Most diet shakes aren't marketed as being fully nutritious. This has all the vitamins your body craves; as in I think you could eat this forever with no side effects, but that (to my knowledge) has never been tested with diet drinks (because they can claim that it's your responsibility to get the right nutrients).
So, it's a diet shake where the company is liable?
Man, i'm dying to be able to live on shakes (I already do, protein shakes and soluble fiber when i'm out of time) but claiming you can go on and on on just one food source for long periods of time without extensive testing is just irresponsible.
>> claiming you can go on and on on just one food source for long periods of time without extensive testing is just irresponsible.
How can pets tolerate eating the same food for a long period of time? Most cat and dog owners get one brand of food for their pet and stick with it for years at a time.

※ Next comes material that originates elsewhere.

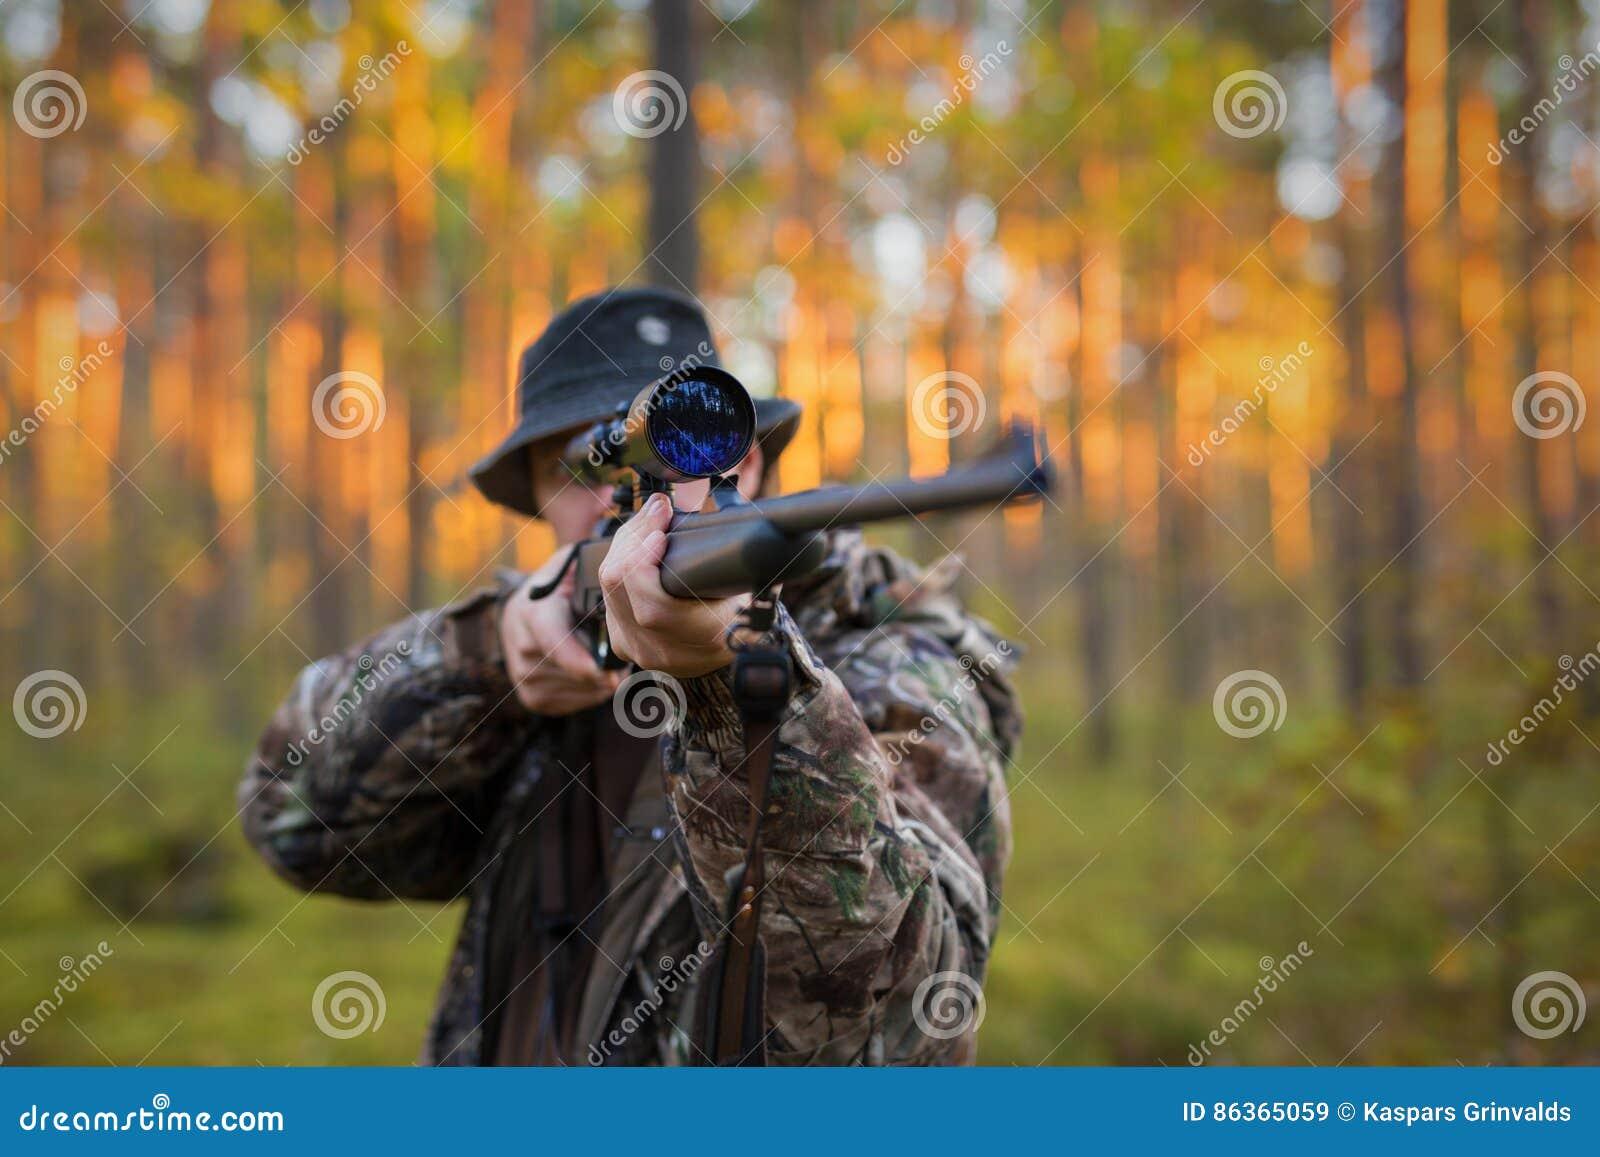 Κυνηγός που πυροβολεί ένα πυροβόλο όπλο κυνηγιού

Most pet food is made by a few manufacturers. They have a lot of labs testing and refining different recipes.
There are foods for fat pets; foods to clean teeth; food for kidney health.

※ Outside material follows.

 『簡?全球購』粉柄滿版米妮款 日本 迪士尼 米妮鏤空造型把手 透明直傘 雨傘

Pet foods have considerable number of patents. Talk to British people about dog excrement, and there are people of a certain age who remember dog poo being white and furry. People want a food that produces a nice firm stool, that's easy to clean up. Anything too loose and they think the pet is ill (even if it isn't).

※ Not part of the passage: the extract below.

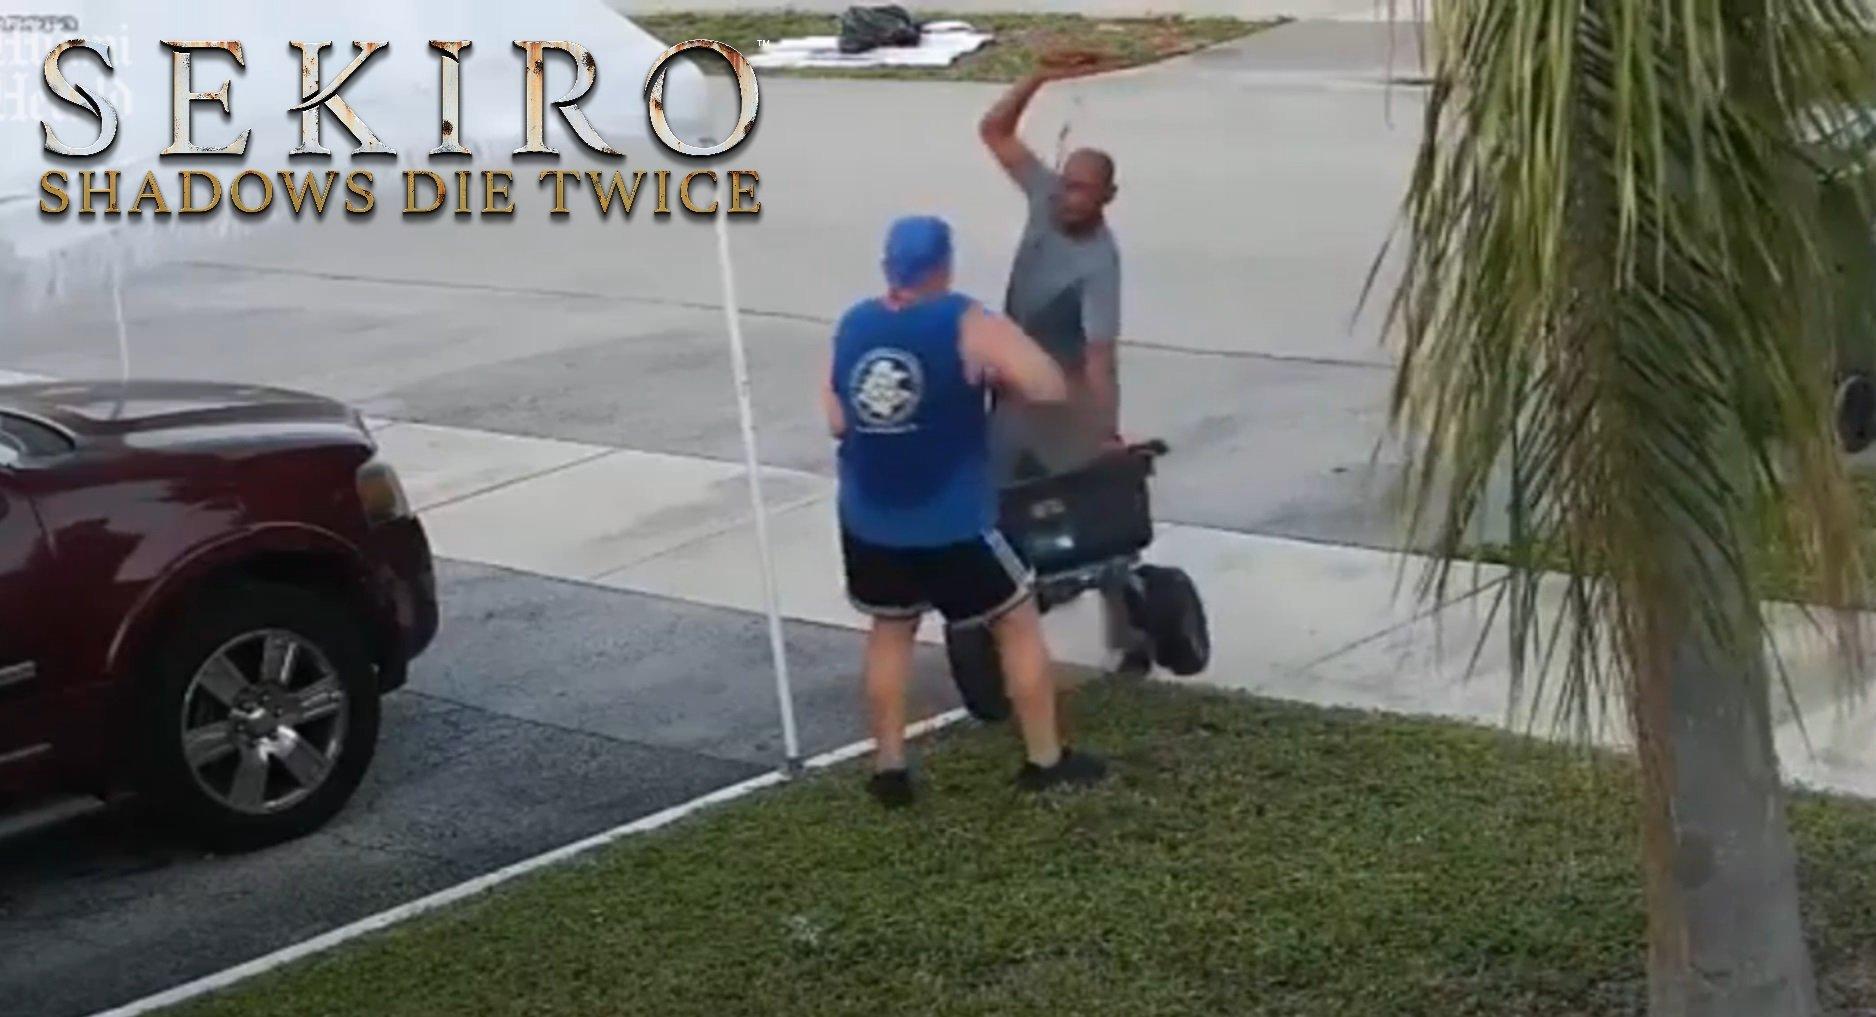 мужчина из Флориды понедельник начинается с дичи отвратительные мужики

There's a lot of money in pet food.
Notice, also, that pet food is often a mix of biscuits and meat, or just meat, or just biscuits. These are solid foods. Water is extra. No-one so far has taken the nutrients a pet needs and blended these into a glop.
Thanks for pointing out some of the finer details on pet food, very informative.
Still, my basic point still stands, that our pets do just fine on essentially a single source of food. Why would it matter if it was blended into a glop? My cat has food allergies so he's been fed a single high-quality hypoallergenic food for over 3 years now. It stopped his excessive itching, made his fur softer, and he generally shows all signs of being very healthy according to the vet. I'm sure all the lab research contributed to the cat food's effectiveness and it would be great to see the same happen with Soylent.
You vastly overestimate the quality control, safety testing, and labelling requirements of pet foods. Pet food does not need to be certified, or pass any tests to be sold. Pet food is labelled according to AAFCO guidelines, which merely specifies how much protein/fat/calcium/phosphorous and a few other things are required. That's it. Those pet foods for fat dogs and old dogs and young dogs and kidney health and shiney coat and furballs and clean teeth are just ordinary pet food. They do not need to be different in any way. The manufacturer can literally put the exact same food into all of those bags, and none of the claims on them need to be verifiable.
>Talk to British people about dog excrement, and there are people of a certain age who remember dog poo being white and furry
That is because they remember dogs eating meat. Now dogs eat corn. There is no patent on dog food that makes white poop.
>Notice, also, that pet food is often a mix of biscuits and meat, or just meat, or just biscuits
This is for the benefit of marketing the product to people, it has nothing to do with nutrition.